The original station was built in 1891, as part of the opening of the first stage of the Tablelands railway to Atherton Tableland, extended over many years to many branches, serving timber, mining, pastoral and tobacco resources. The station building was two-storey timber, with ornate verandahs: typical of tropical architecture of the era.

The 1897 Mulgrave Shire Tramway headed south, was extended, then was absorbed into the North Coast Railway, connecting Brisbane to Cairns via many coastal towns which had hitherto been ports for railways to the hinterland. That route was completed in 1924, and Cairns became a major tourist destination; the line was known as the Sunshine Route; new stock was built in the 1930s for the main train, now named Sunshine Express.
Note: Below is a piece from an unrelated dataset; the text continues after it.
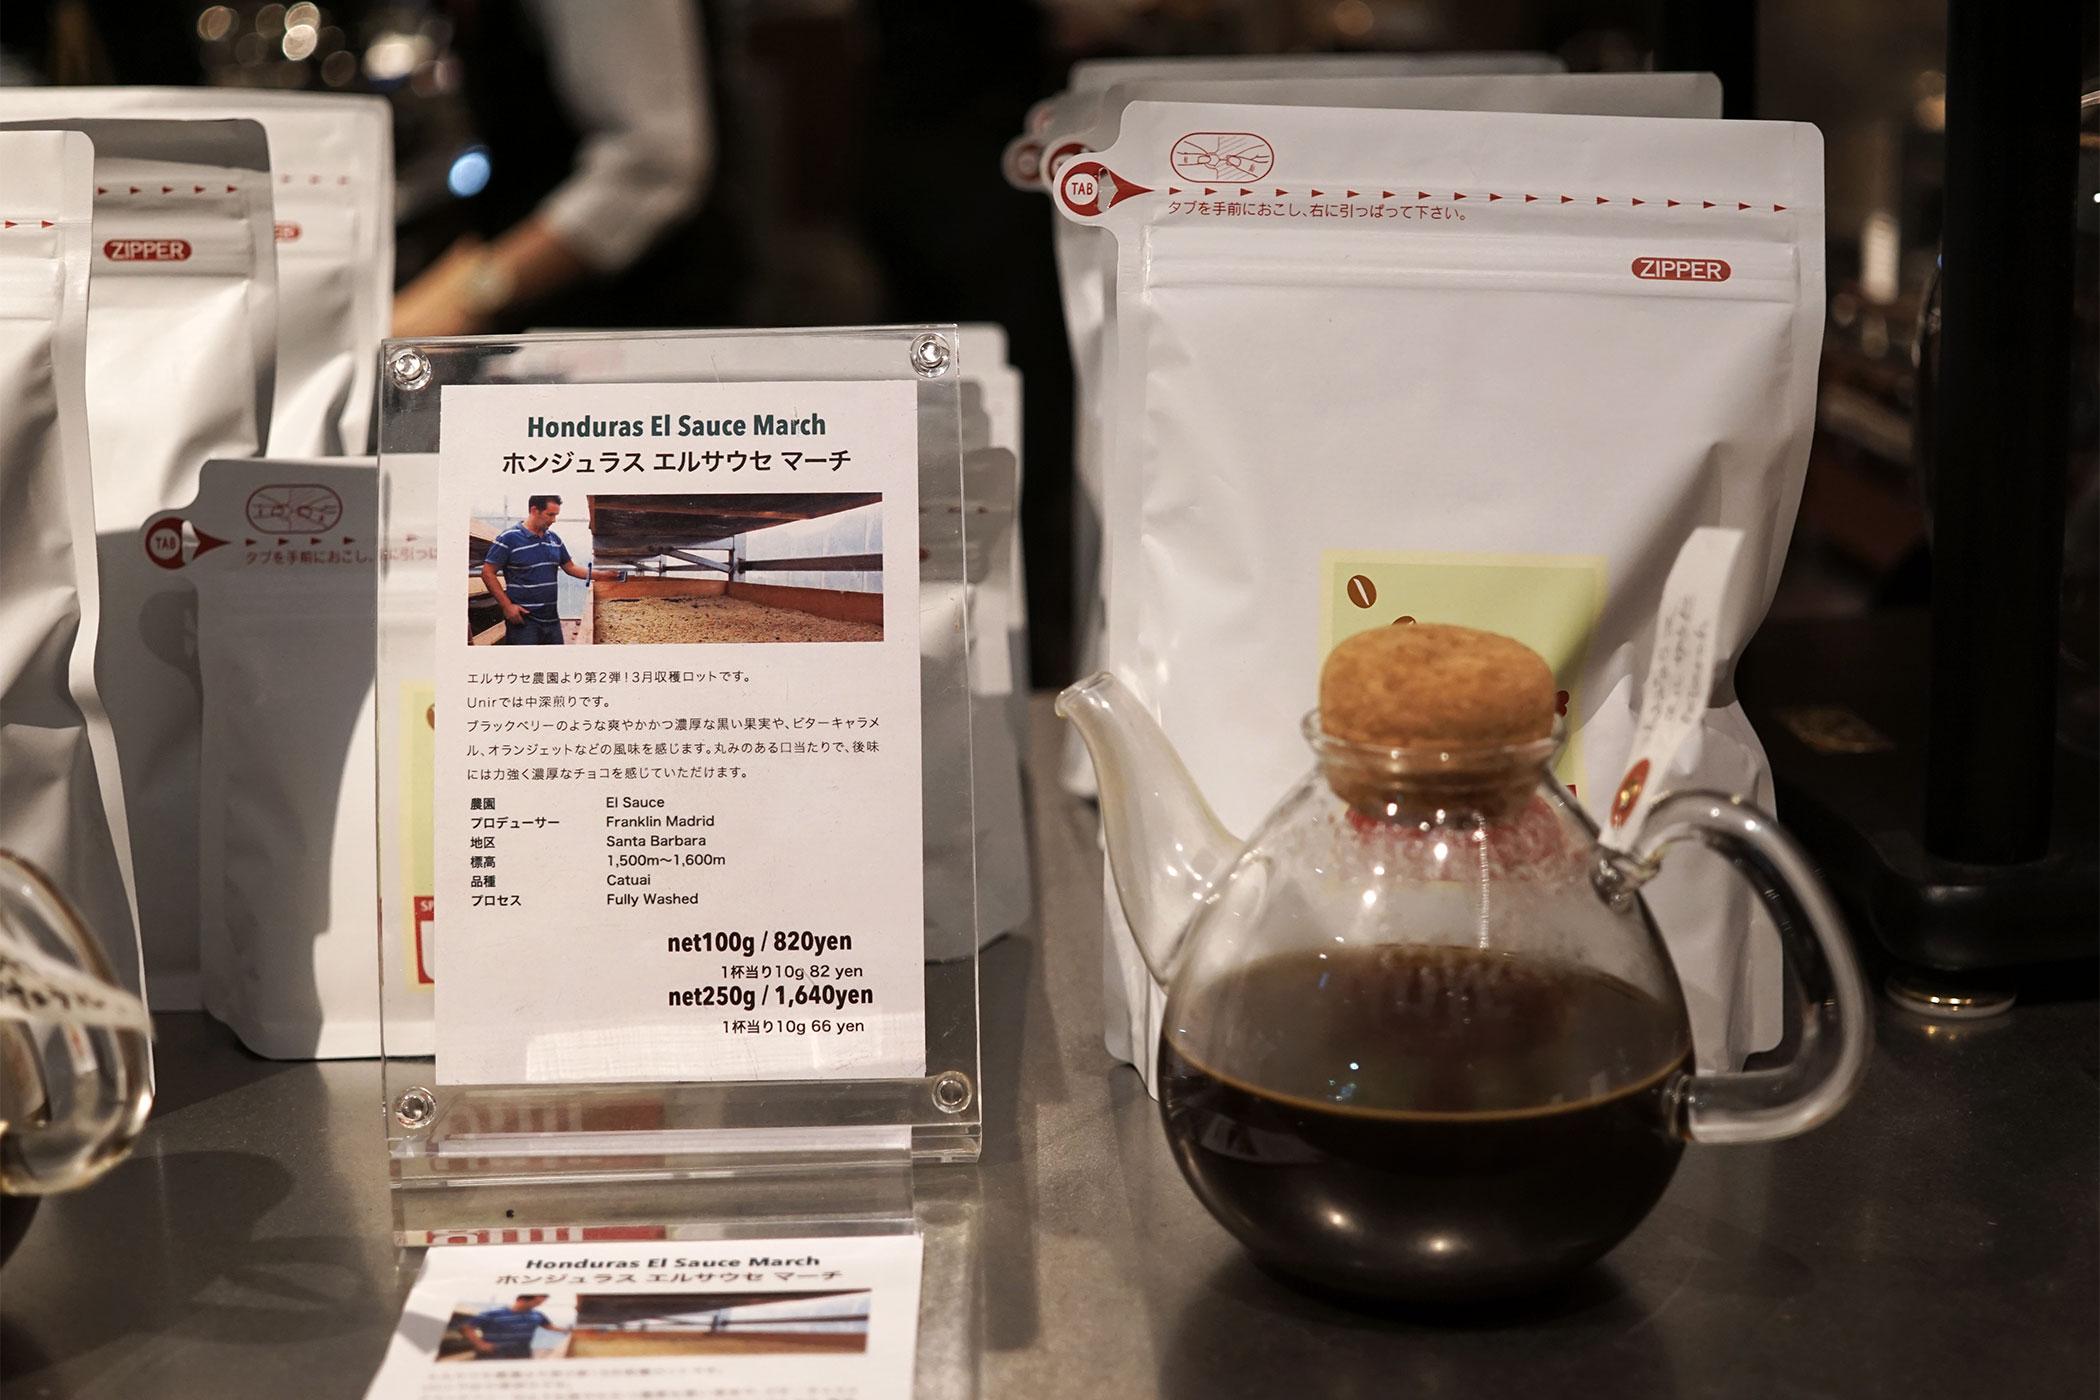 Unir 赤坂店ではコーヒー豆の販売も。時間は限られているのでご注意を。

After years of WWII and postwar austerity, the Queensland Railways Department embarked on improvements in the early 1950s. New airconditioned trains were added on key routes: the Brisbane - Cairns one was named The Sunlander. Cairns railway station was rebuilt in 1955 as a two-storey cream brick building of modern design in McLeod Street. As the first modern station, and serving a major destination, it featured prominently in publicity material. Unlike other main stations on the line, it didn't gain a full dining room or bar, just a snackbar kiosk.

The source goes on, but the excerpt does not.